As for gender diversity, women are reckoned to make up just 16% of the partners at US venture firms, while the number of companies founded by women received just 2% of global VC cash in 2020. Are things any better in Europe? Hardly. Recent research found that in European VC and private equity, for example, 80% of staff at all levels and functions are white, 11% are Asian; just 3% are black.
So how do we fix this? I won’t pretend Techstars has all the answers; But as one of the world’s most prolific pre-seed investors, what we do have is significant frontline experience of attempting to level the playing field for underrepresented founders. This week we announced a new partnership with JP Morgan to invest $80M over three years to support more than 450 founders across nine US metro areas: Atlanta, Chicago, Detroit, Miami, and Washington, DC in 2022, with Los Angeles, New Orleans, New York and Oakland launching next year.
This program, which is open to founders of all backgrounds, has been specifically funded and designed to provide equitable access, capital, and support for Black, Hispanic and Latino, Indigenous American, and/or Pacific Islander entrepreneurs.
Our motivation is twofold. First, investing in diverse entrepreneurs, unapped talent, and consequent new markets is a persuasive business strategy; for investors, fishing in underfished waters simply makes sense. Second, doing so helps dismantle barriers that limit opportunities, while reinforcing our conviction that great ideas can, and do, come from anywhere and anyone.
‘Pattern recognition & network’
It will also help address a very particular problem inherent in venture capital itself. While it’s true that VCs are still not doing a great job on diversity, it’s not because they aren’t trying—I believe that most investors are doing the hard yards required to change. But they are constrained by their business model. One of the key things underrepresented founders lacks access to capital, particularly at the earliest stages, and that’s largely down to the way VCs and angel investors determine which checks to cut: a mixture of pattern recognition and network.
A recent academic survey of many of America’s leading VC firms found that “more than 30% of deals come from leads from VCs’ former colleagues or work acquaintances.Other contacts also play a role: 20% of deals come from referrals by other investors, and 8% from referrals by existing portfolio companies. In other words, almost 60% of founders backed by VCs today come, one way or another, from within their own network.
The biggest firms aside, VCs back very few companies a year, and have an almost open-ended pipeline of founders looking to raise money, so they need efficient ways to whittle down those applicants fast, and warm introductions from within their own network are the most effective way to achieve that. When that approach is replicated across an entire industry, it results in a systemic problem.

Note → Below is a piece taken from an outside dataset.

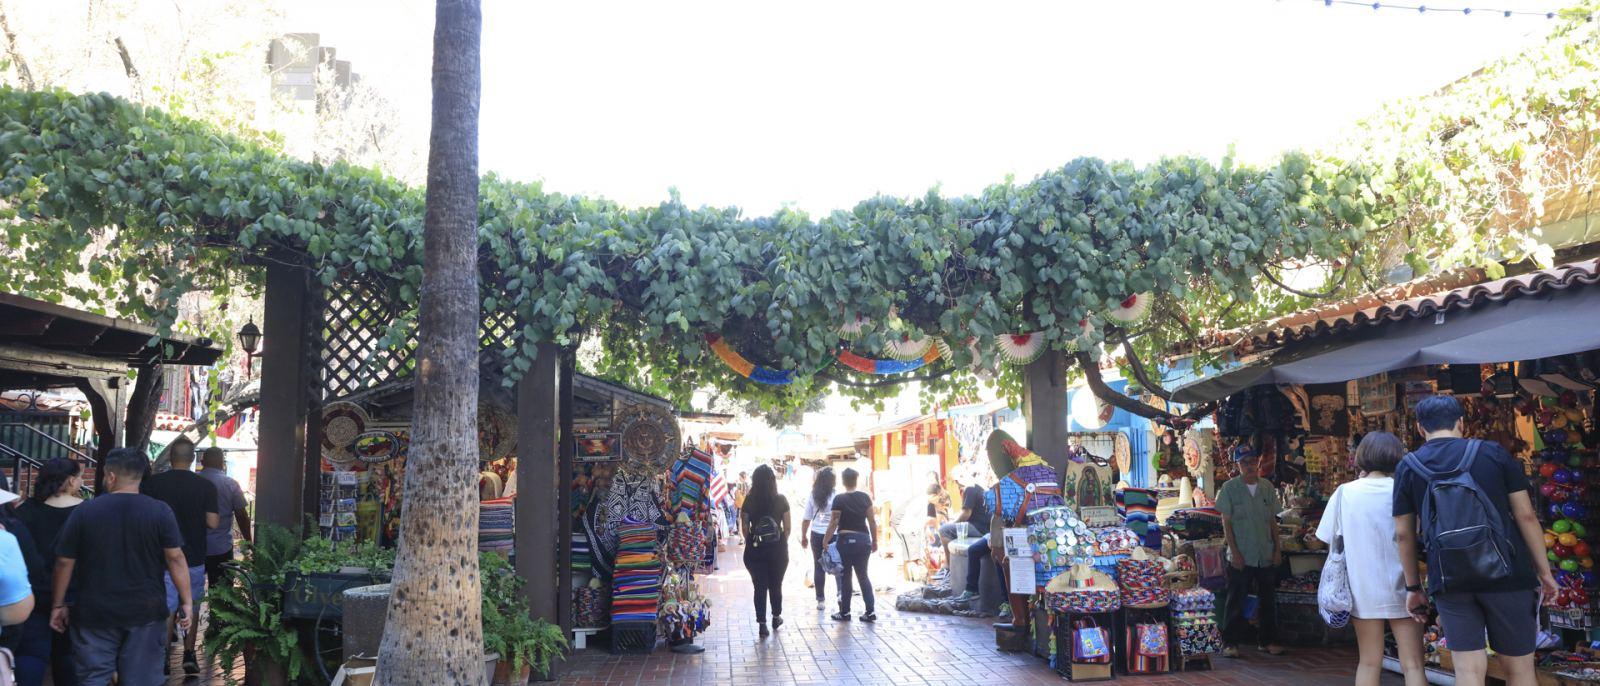 Olvera Street Vendors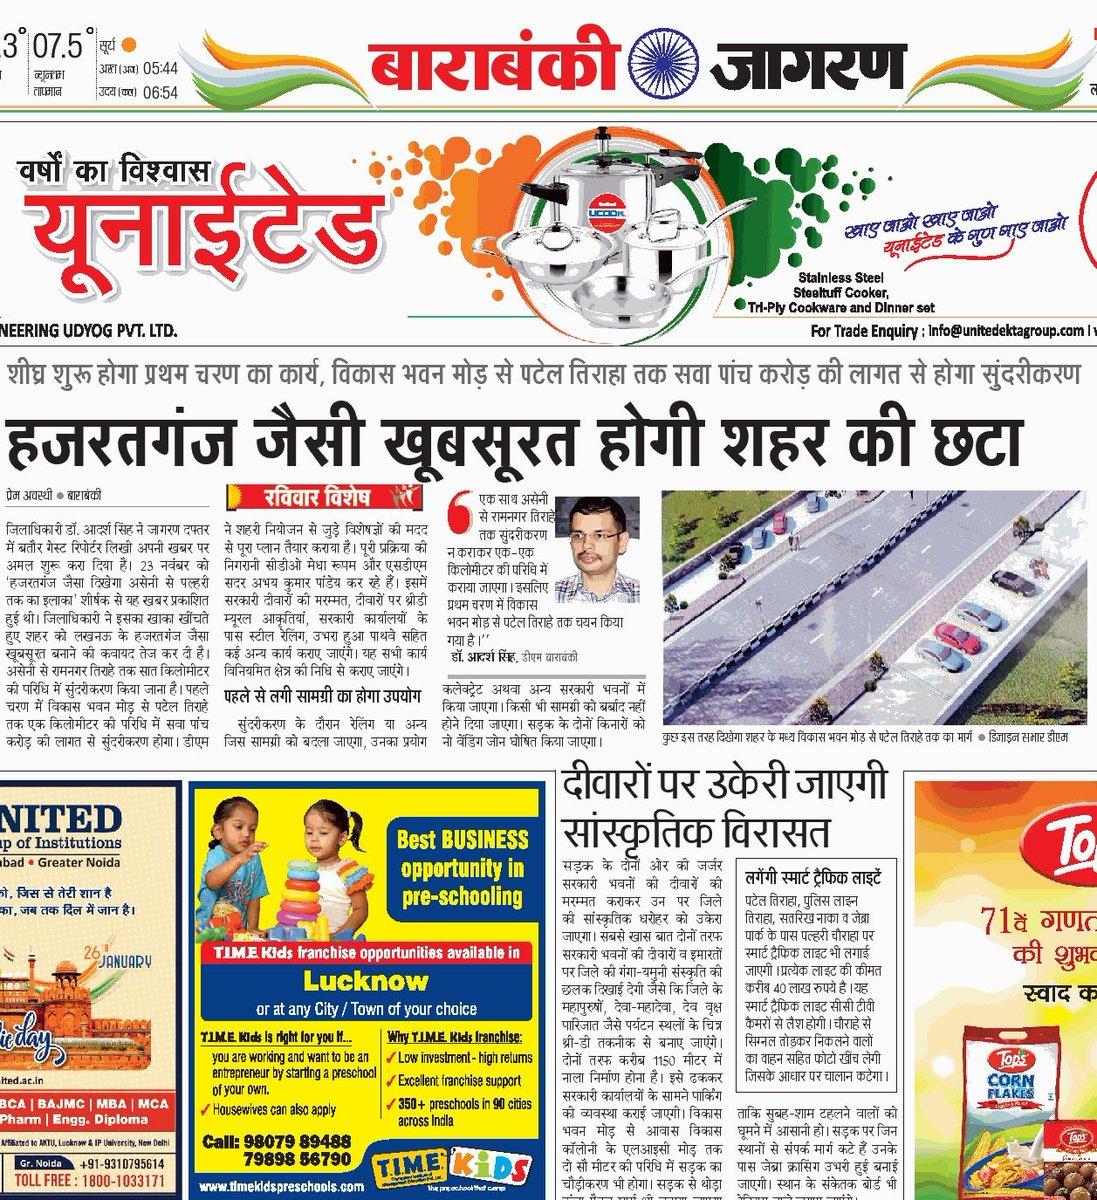 @JagranNews @SadguruSharan @BarabankiD  @upendrasinghMP#नगर विकास #vishesh #कायाकल्प

One way to narrow the founder opportunity gap is by offering diverse business leaders, creators, and innovators a bespoke program that addresses the specific obstacles they face—including lack of access to mentorship and personalized support—as we are doing in our partnership with JP Morgan . But there are other lessons we have garnered from our accelerator programs and corporate partners—and these are applicable not just to investors at all stages, but also to other programs, bootcamps, incubators and founder community groups around the world. Here are five of them:
1. Cast a wide net, while sending a consistent message of inclusivity
‘Casting a wide net’ on our recent Techstars Future of Longevity Accelerator in DC, where we partnered with Melinda French Gates’ Pivotal Ventures, in practice meant mass searches on all the different platforms longevity entrepreneurs might be found, ranging from traditional sources like Crunchbase and Pitchbook, to industry-specific associations, pitch competitions, and networks. That helped us identify around 2,400 startups at the top of the funnel. We also held open online investor and thought leader panels, hosted on Crowdcast, which we promoted on LinkedIn and Twitter, founders targeting already engaged with the theme. Those panels were diverse, which helps send a signal to diverse tech founders that they belong.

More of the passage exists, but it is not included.